Where Cody Is Less Competitive
For greenfield feature writing, Cursor, Copilot or Claude Code may feel faster. Cody's strength is codebase knowledge, not necessarily the smoothest editing experience. If your repo is small, or if the team mainly wants autocomplete and quick inline edits, Cody may feel heavier than necessary.

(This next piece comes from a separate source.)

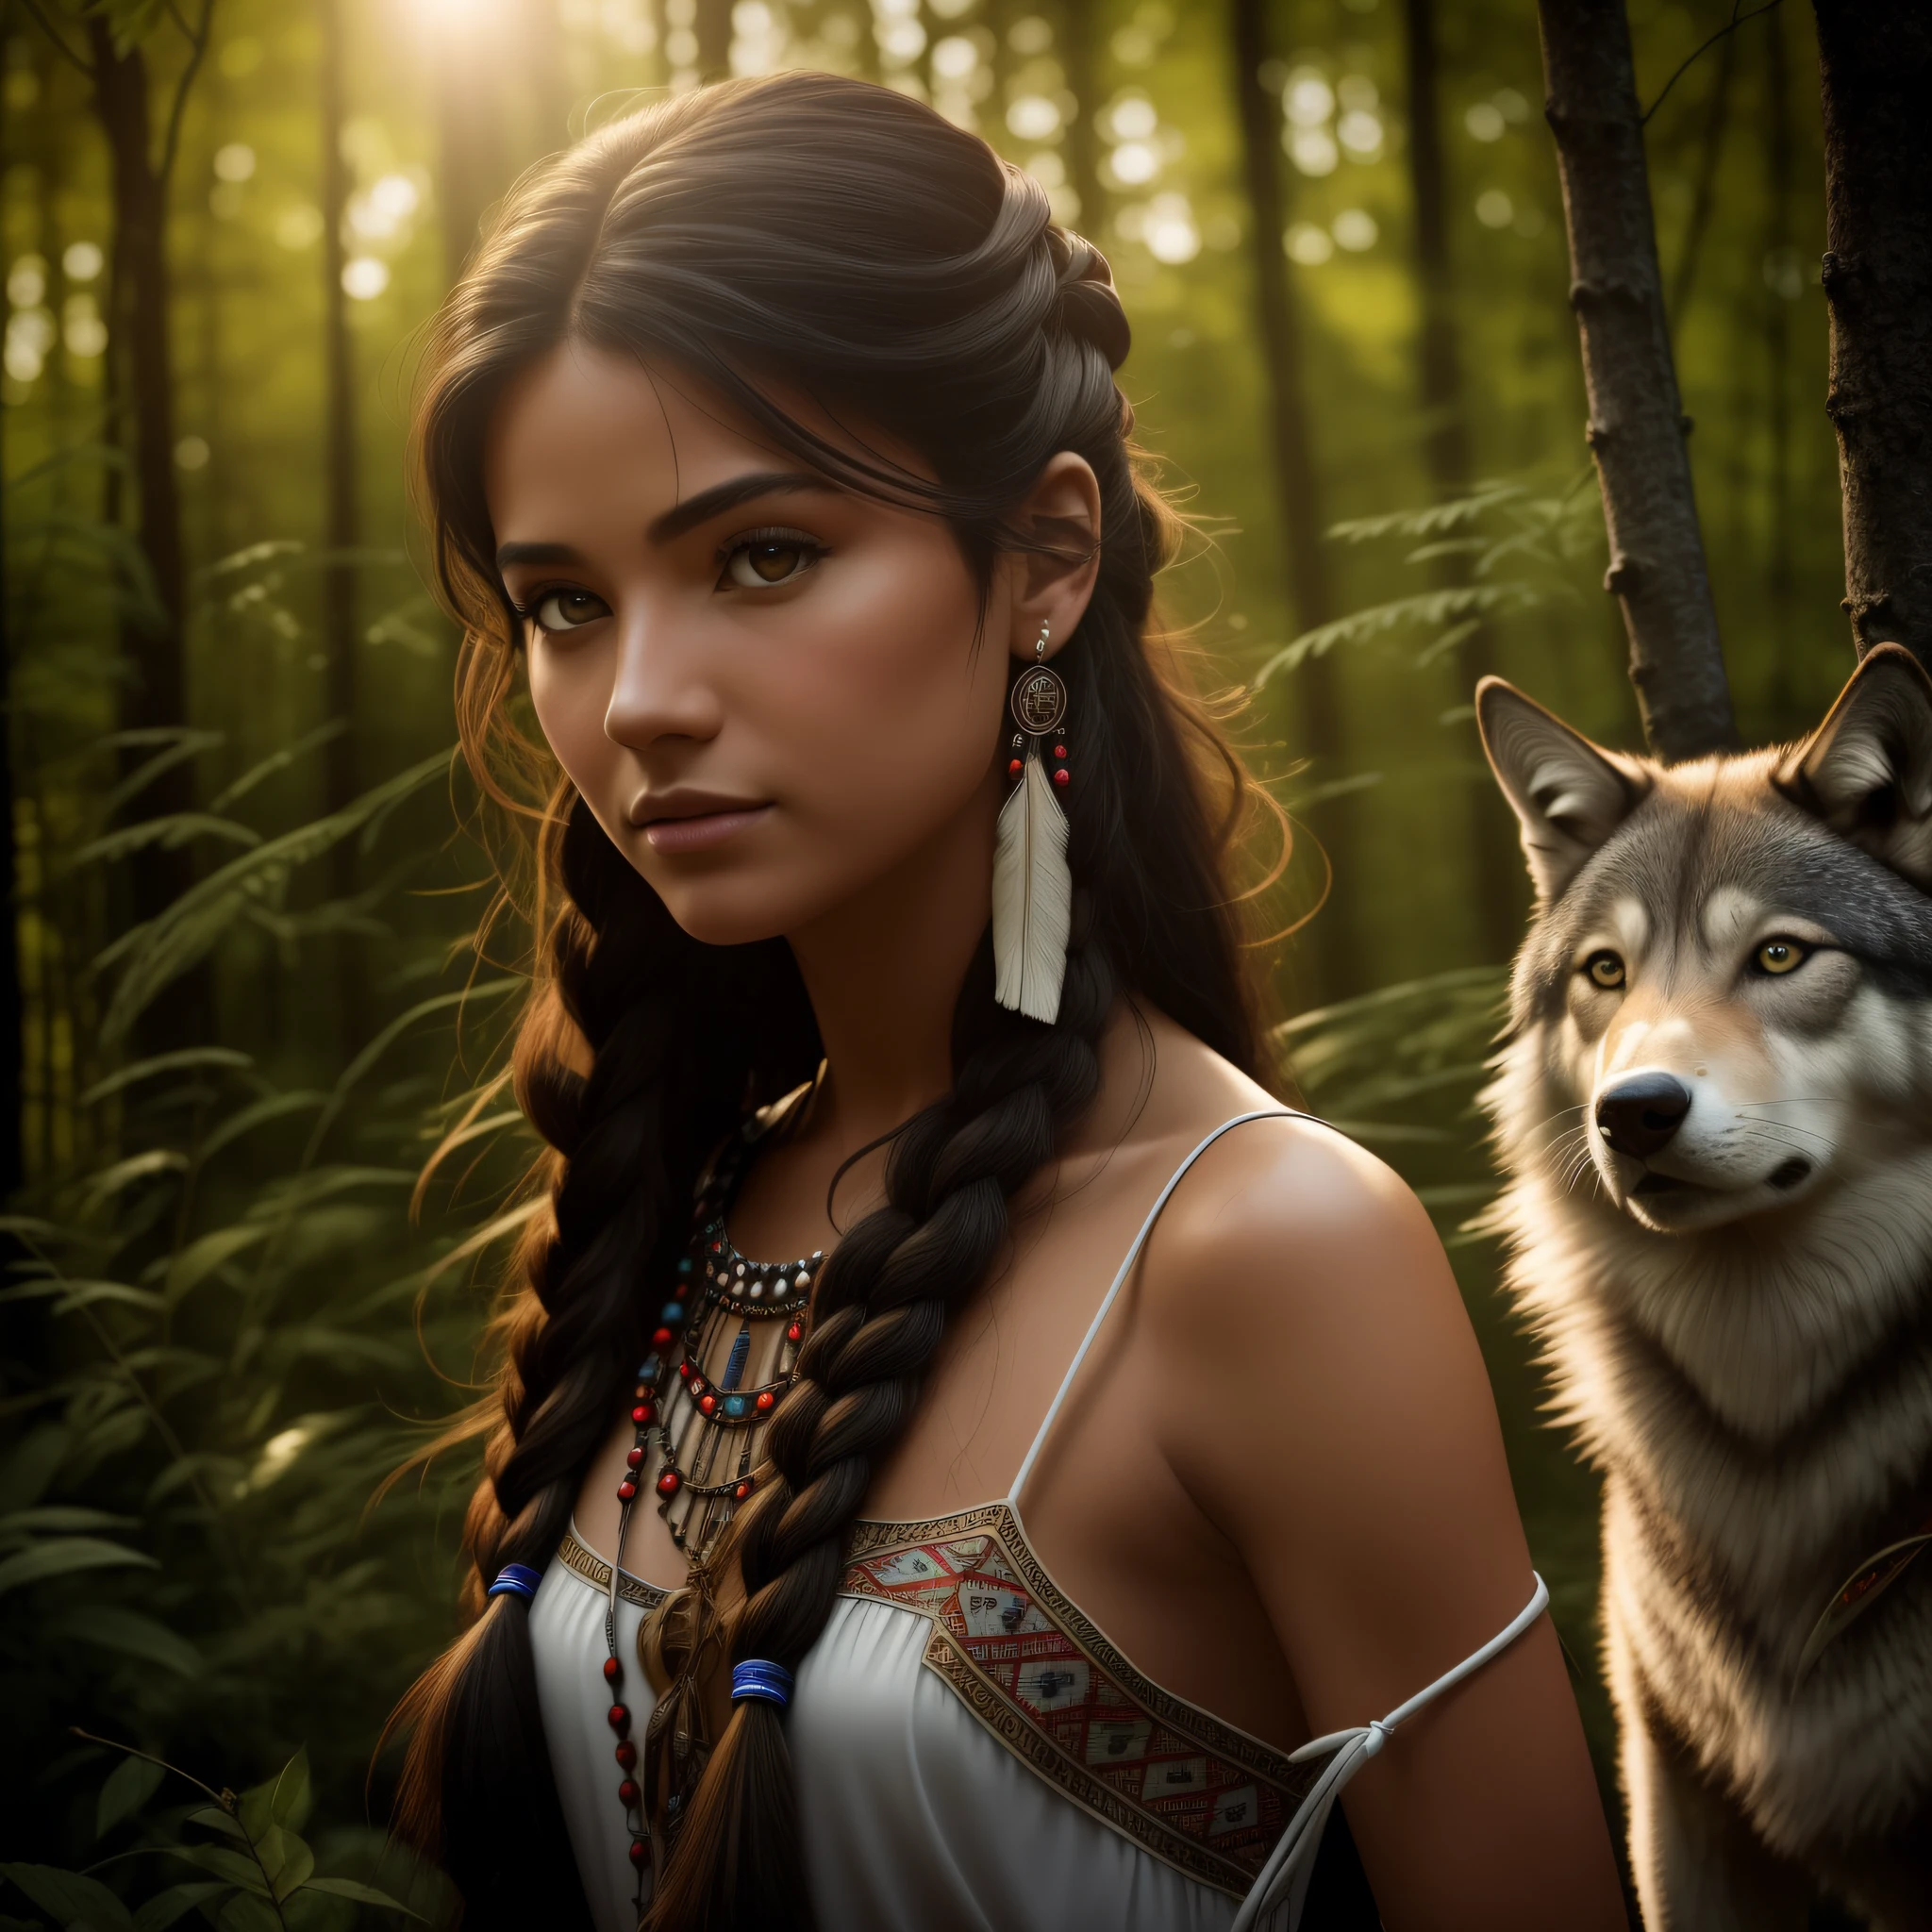 (Лучшее качество, шедевр: 1.1), (Реализм: 1.4),(шедевр, реалистичный: 1.4), (предельная точность: 1.2); (Передний: 1.3), реалистичный portrait of a Native American girl with indigenous adornments with her ultra реалистичный pet wolf in the forest, Племенное платье, очень длинные волосы, голые плечи, ночное небо, Свечение галактики, Океан, вода, наклон головы, ветер, облака, Естественный свет, Открытый, Один, ПЕРЕРЫВ, кинематографический свет, сверхвысокое разрешение, 8к ухд, Пленочные бусины,  идеальная анатомия, Delicate and нежный skin, Лучшие тени, нежный, СЫРОЙ, высокое разрешение, охотница, ночь, яркость полной луны.

Self-hosting is another trade-off. Enterprise teams may value full control, but setup and maintenance are not free. A small team should only choose Cody for self-hosting if private codebase indexing is important enough to justify the operational work.
Practical Team Fit
Choose Cody when code discovery is the bottleneck. It is a strong fit for platform teams, monorepo maintainers, enterprise engineering groups and developers joining mature systems. It is less likely to be the first AI coding tool for a solo developer building a new app from scratch.
The best evaluation test is simple: ask Cody five questions about your repo that a new engineer would ask in their first week. If it finds the right files and explains the flow accurately, it may save enough onboarding and debugging time to justify the subscription.
Verdict
Cody is the most codebase-aware AI assistant available. If you work on a large codebase or monorepo, its full-repo indexing is a genuine productivity multiplier. The free tier is restrictive, but at $9/month Pro is excellent value for the depth of understanding it provides.